The employer should let you know about all of these things ahead of the day, but if they don’t, make sure you ask. 

If you need adjustments or access requirements to complete your job interview process, it’s best to request them beforehand.

Read more about requesting adjustments and sharing disability information during the recruitment process in our article 'Reasonable adjustments in the workplace'.

Plan your route

Planning how you will get to the interview in advance will help reduce stress on the day. You can use apps like Google Maps to plan your route and, if you are driving or catching public transport, do a test run before the day. If you need support to get to your interview, ask your support worker, NDIS plan manager or employment consultant about what assistance they can provide. 

Do some research about the company and role

Knowing about the company before your interview can help you understand what the organisation does and the type of person they are looking for. 

Some of the things you may want to research before heading into your interview include: 

  • The company’s recent achievements and news

  • The company’s culture, mission, and values

  • The person interviewing you 

  • Key people in the company

  • Whether the company has a workplace adjustment policy

  • The company’s policies and stance on accessibility and inclusion

Most of a company’s information can be found on their website or even on the job posting. If you can’t find information that you would like to know about the organisation then you can add it to your list of questions to ask during the interview, or call and ask to speak to someone in their Human Resources department. 

Prepare questions for the interviewer 

Generally, at some point during the interview you will be given the opportunity to ask any question you may have. If there is anything you would like to know about the company or the role, this is the perfect time to ask them. 

It’s best to prepare these questions before the interview and bring them with you so that you are prepared.

Some questions that you may want to ask a potential employer include: 

  • How accessible are the office facilities (including entry, exit, parking and toilets)?

  • What are my expected working hours?

  • What is the sick and annual leave policy?

  • What would a day generally look like in this position?

  • What are the next steps after our interview?

Be prepared for what the interviewer may ask you 

A job interview is your opportunity to 'sell' yourself and what you can bring to the role to the employer. Practising answering questions for a job interview with a friend, family member or support worker is a good way to prepare what you may say.

Common interview questions include: 

  • Can you tell us a bit about yourself?

  • What work have you done in the past?

  • What are your strengths and weaknesses?

  • Why do you want this job?

  • What can you bring to the company/position?

  • Where do you see yourself in five years time

During the interview

Be prepared to talk about your resume

The interviewer will likely ask questions about your past roles or experience.
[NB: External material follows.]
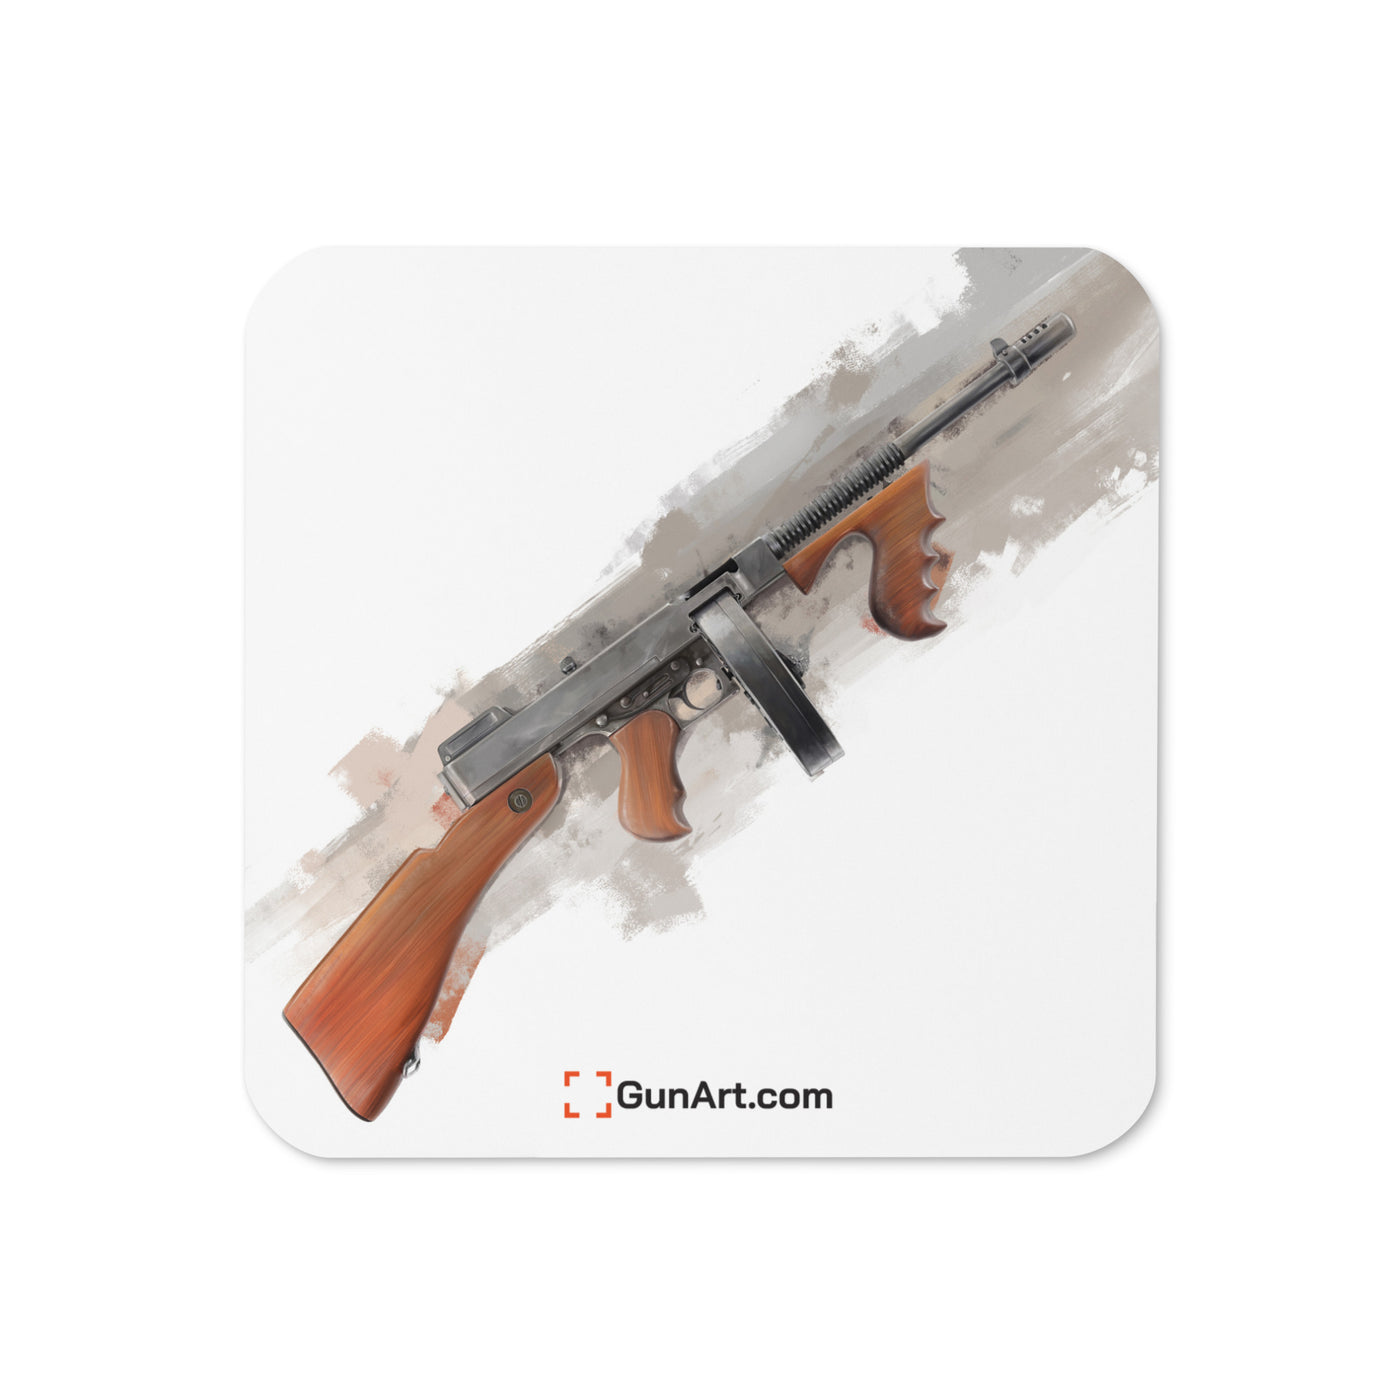 The “OG” Mobster Machine Gun Cork-back Coaster

Be prepared to elaborate on what you have put on your resume. 

Bring an extra print out of your resume if possible, as having a copy in front of you will stop you forgetting important points. 

Of course, it goes without saying that everything on there must be truthful!
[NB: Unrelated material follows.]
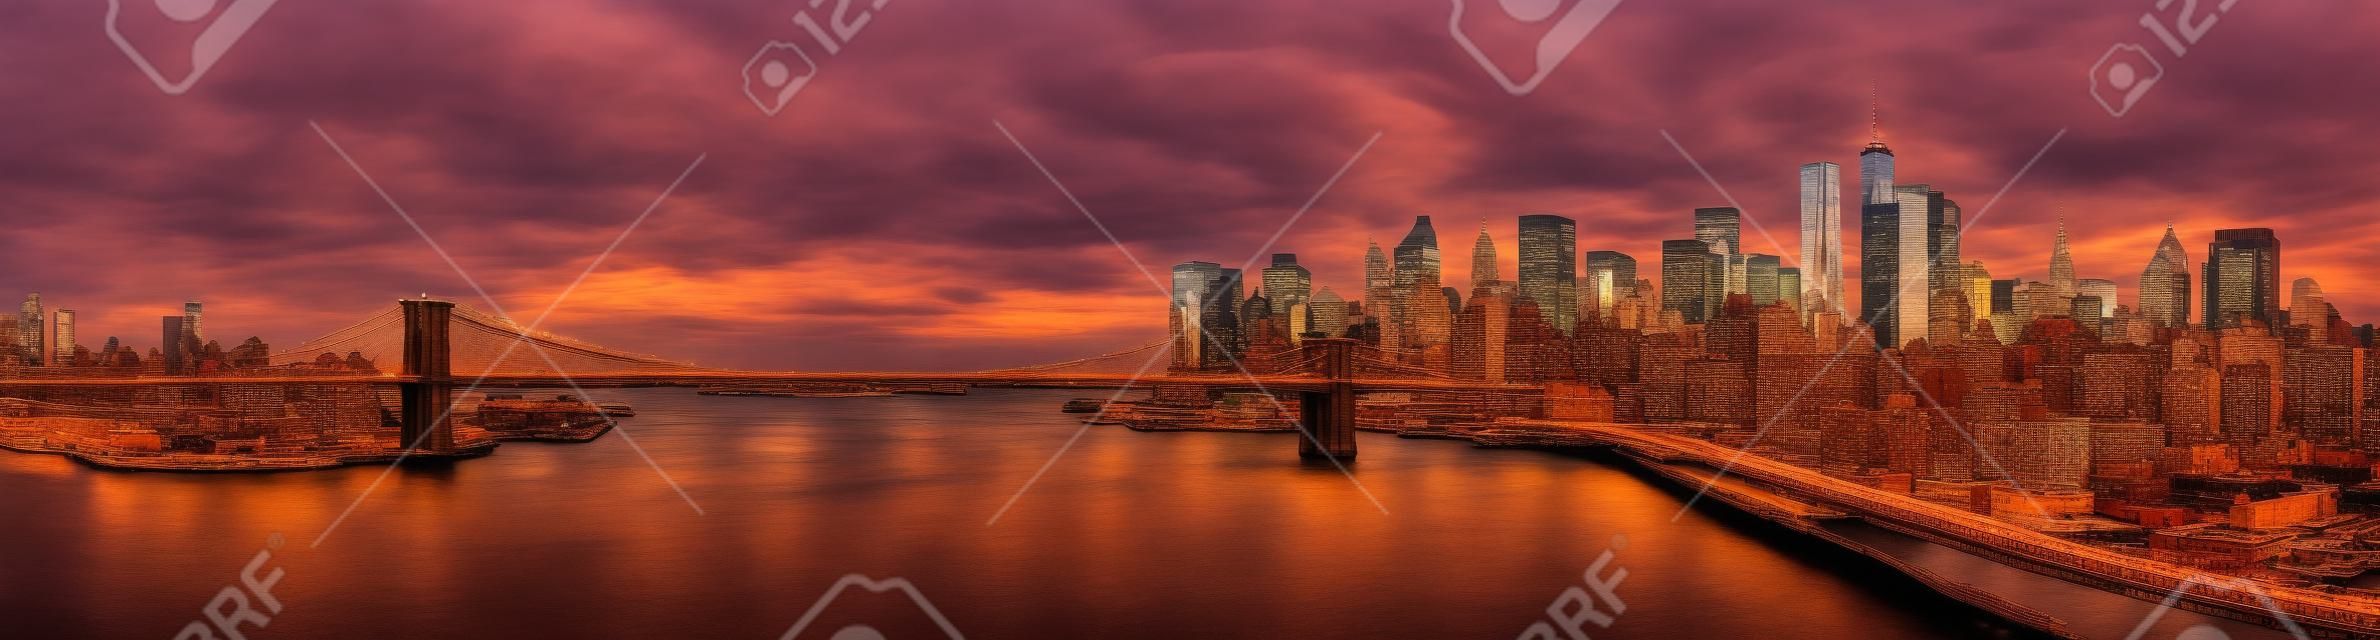 Puente de Brooklyn panorama al atardecer. El hito icónico extiende entre Brooklyn y el horizonte de Nueva York Distrito financiero, dominado por la Torre de la Libertad.

Read our top resume and cover letter tips.

Confidence is key

Here are a few ways to show confidence during a job interview:

  • Firm handshake: A firm handshake shows experience and confidence, and it gives the interviewer a good first impression.
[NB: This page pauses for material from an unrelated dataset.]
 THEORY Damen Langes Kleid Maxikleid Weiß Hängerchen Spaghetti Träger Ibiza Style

  • Maintain eye contact while listening and speaking: This shows you are present and engaged in the conversation. Avoiding eye contact shows nervousness and a lack of confidence.

  • Open body language: Think about how you sit during an interview. Keep your arms open; by your sides or on the table. Crossing your arms or folding your hands can make you seem hesitant, closed off or worried. 

  • Talk slowly: Take your time when answering questions. To stop yourself from rambling, try to answer each question by addressing one point at a time while speaking calmly and slowly. Don’t be afraid to ask your interviewer to clarify the question if you’re not sure what they mean.

  • Don’t forget to smile! Not only does smiling show confidence, it also shows you’re relaxed and happy to be there. It’s okay to feel a bit nervous in a conversation, but try to avoid clenching your jaw, wrinkling your face or looking anxious. 

  • Dress to impress! It’s always better to overdress than under dress. Consider business attire.

Not sure whether to disclose or share information about your disability during an interview? Read our tips and advice here.

After the interview

If you're successful, congratulations! If you're not offered this job, don’t be afraid to ask for feedback or talk about the process with someone whose opinion you value.